*** Opening PROVIDED DATA ***
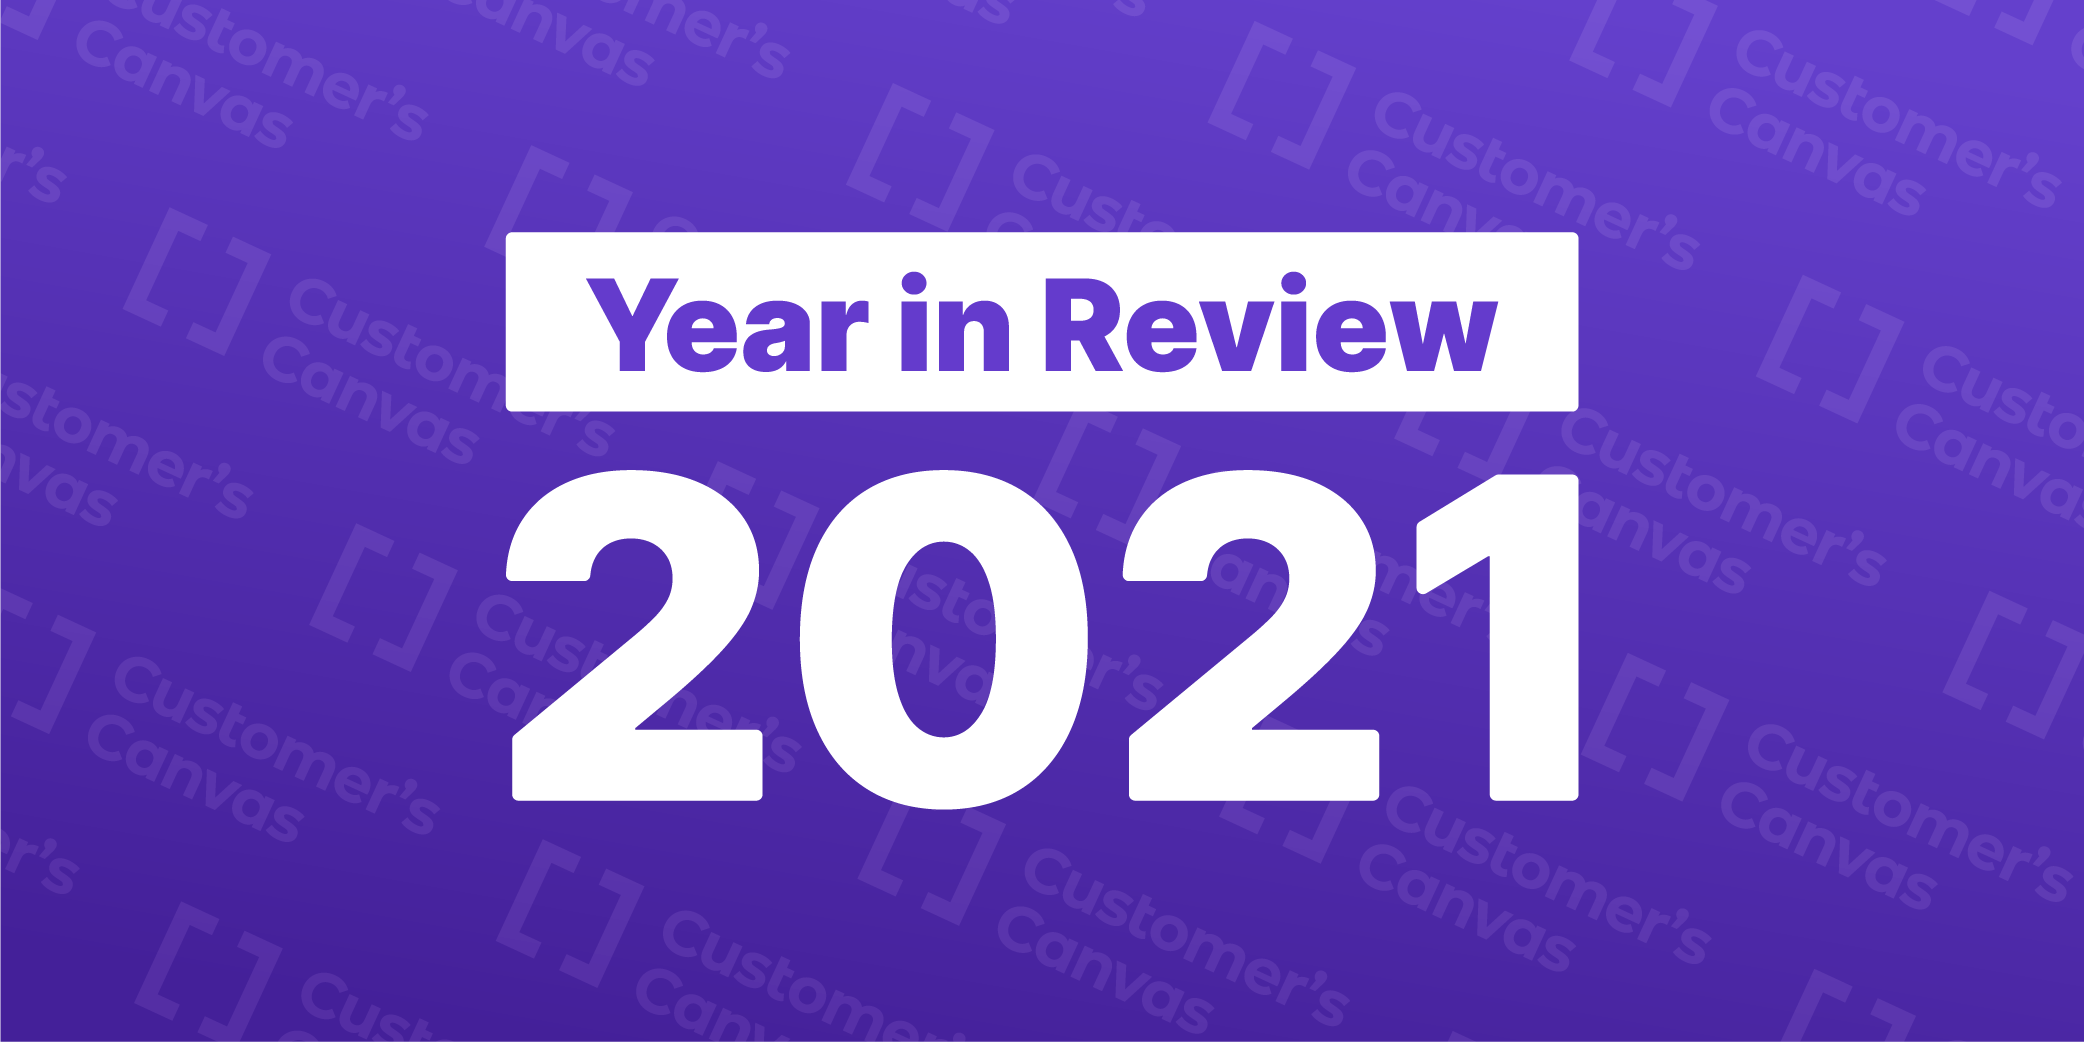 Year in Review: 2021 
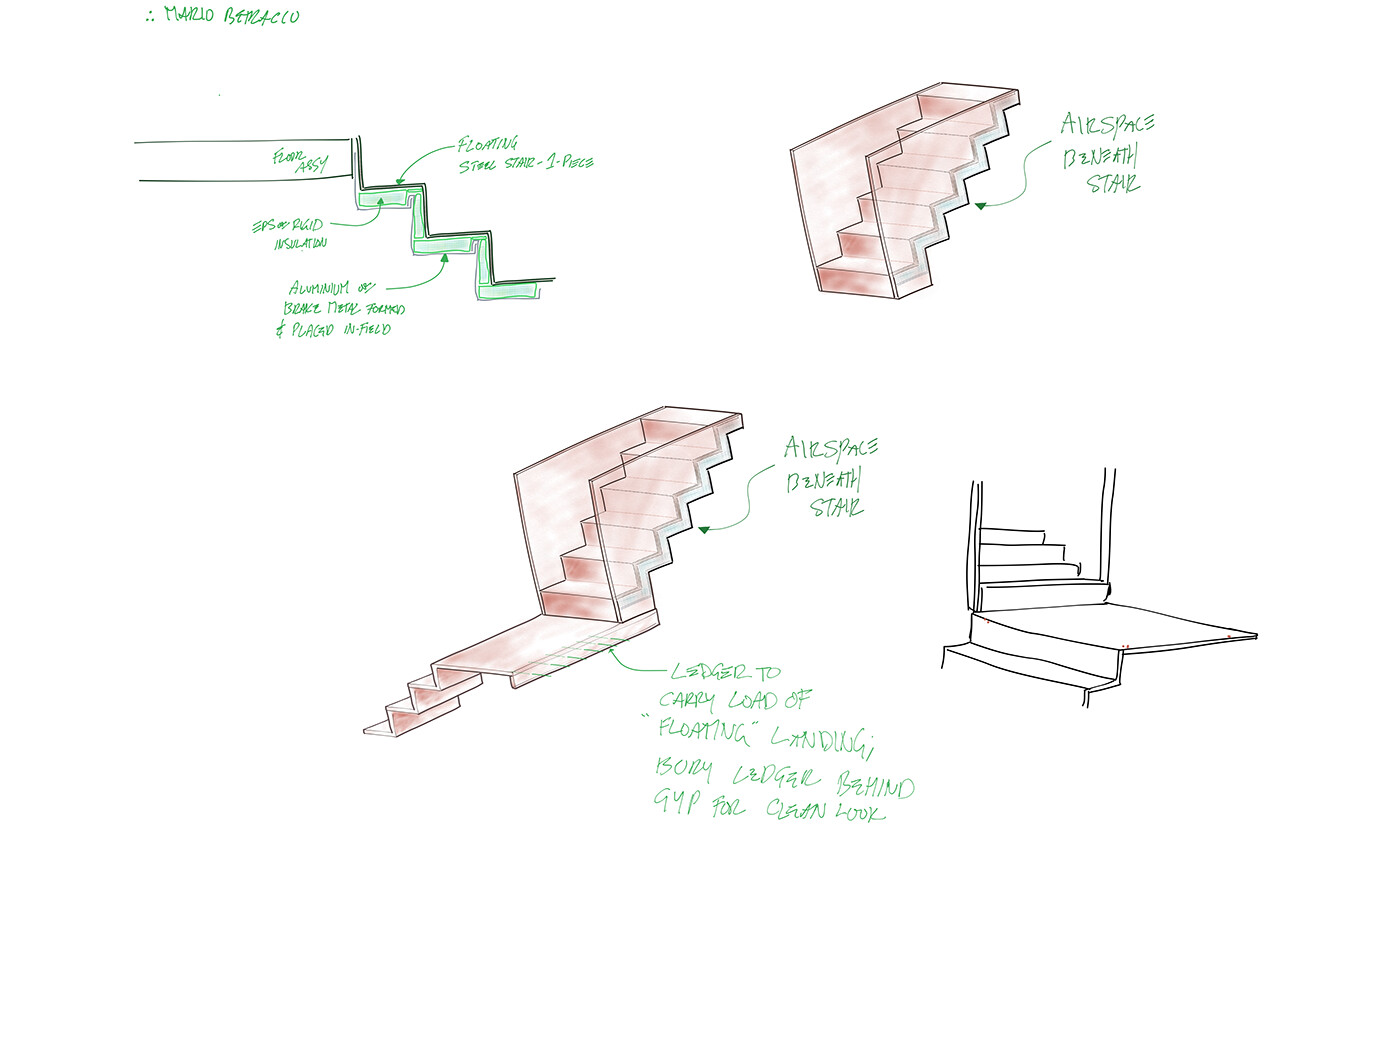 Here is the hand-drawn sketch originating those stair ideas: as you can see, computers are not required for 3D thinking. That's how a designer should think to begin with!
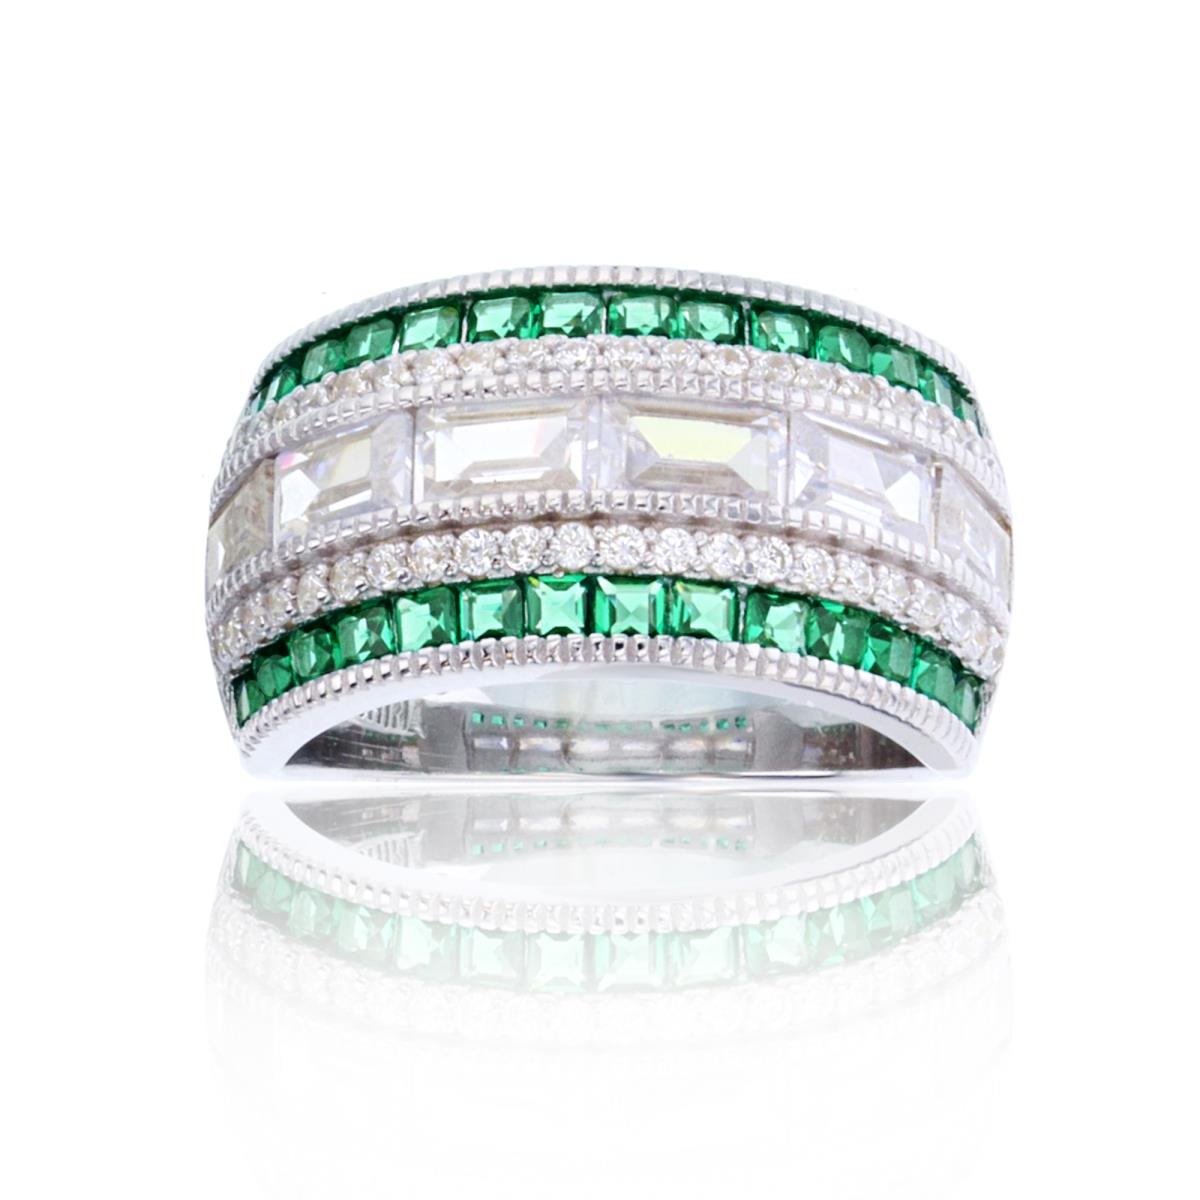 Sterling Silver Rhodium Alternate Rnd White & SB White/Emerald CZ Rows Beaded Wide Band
*** Closing PROVIDED DATA ***
### [WHAT NEEDS TO BE DONE]
Each line above should be output exactly, apart from the pictures.

### [RESPONSE AREA]
 Year in Review: 2021 
 Here is the hand-drawn sketch originating those stair ideas: as you can see, computers are not required for 3D thinking. That's how a designer should think to begin with!
 Sterling Silver Rhodium Alternate Rnd White & SB White/Emerald CZ Rows Beaded Wide Band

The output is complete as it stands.